15. The system according to claim 14, wherein the one asset includes one or more of:
a fire hydrant, a pipeline, or a valve.
16. The system according to claim 14, wherein the one asset includes a subset of assets.
17. The system according to claim 14, wherein in order to determine the dependency, the processor is configured to perform:
determining at least one spatial constraint or at least one temporal constraint associated with the one asset and the one or more of the other assets.
18. The system according to claim 17, wherein the determined at least one spatial constraint includes one or more of: geographical locations of the one asset and the other assets, a distance between the one asset and the one or more of the other assets, a physical connection between the one asset and the one or more of the other assets.
19. The system according to claim 14, wherein the determining the dependency comprises:
correlating a failure and an operation of the one or more of the other assets to a failure risk of the one asset.
20. The system according to claim 14, wherein in order to determine the dependency, the processor is configured to perform:
conducting a network flow analysis or a minimum-cut-set analysis on the received data.
21. The system according to claim 19, wherein in order to determine the dependency, the processor is configured to perform:
computing a hazard function associated with the one asset according to hi(t)=hj(t)ƒ(δ(Dij)), where i indicates an identification of the one asset, j indicates an identification of another asset among the other assets, t indicates the future time period, h ( ) is a hazard function, ƒ ( ) is a function whose output is a positive value, δ ( ) is a function that associates a spatial distance between the one asset and the another asset with the failure risk of the one asset.
22. The system according to claim 21, wherein in order to predict the failure of the one asset, the processor is configured to perform:
computing the failure risk of the one asset i at the future time period t according to a failure risk of the another asset j at the future time period t and the spatial distance between the one asset i and the another asset j.
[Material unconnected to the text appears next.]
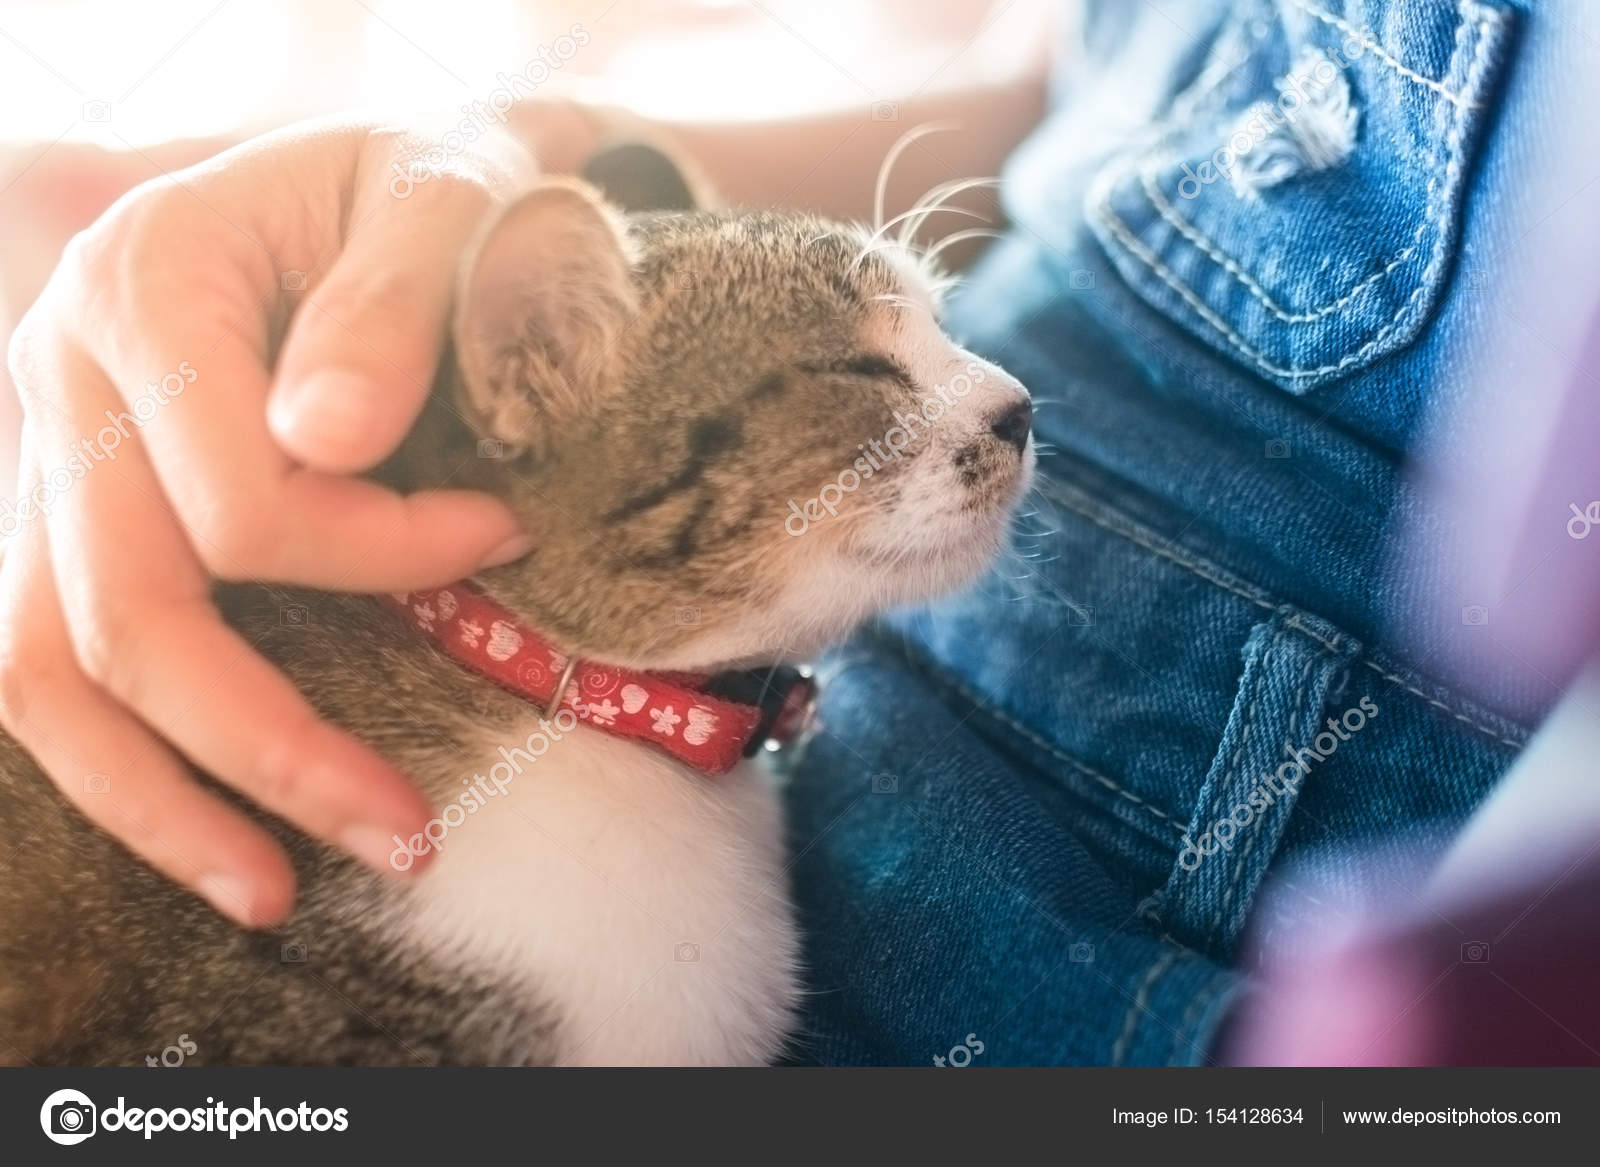 Chat mignon beanimal fond chat mignon meilleur ami sur hug fille femmes et  processus flou tonest ami fille femmes câlin et traiter ton flou \u2014 Image de

23. The system according to claim 17, wherein in order to determine the at least one temporal constraint, the processor is configured to perform one or more of:
(1) measuring an impact on the one asset from a failure of the one or more of the other assets within a pre-determined time period; or
(2) correlating a failure pattern of the one asset and a failure pattern of the one or more of the other assets based on a sequence of operations on the one asset and the one or more of the other assets.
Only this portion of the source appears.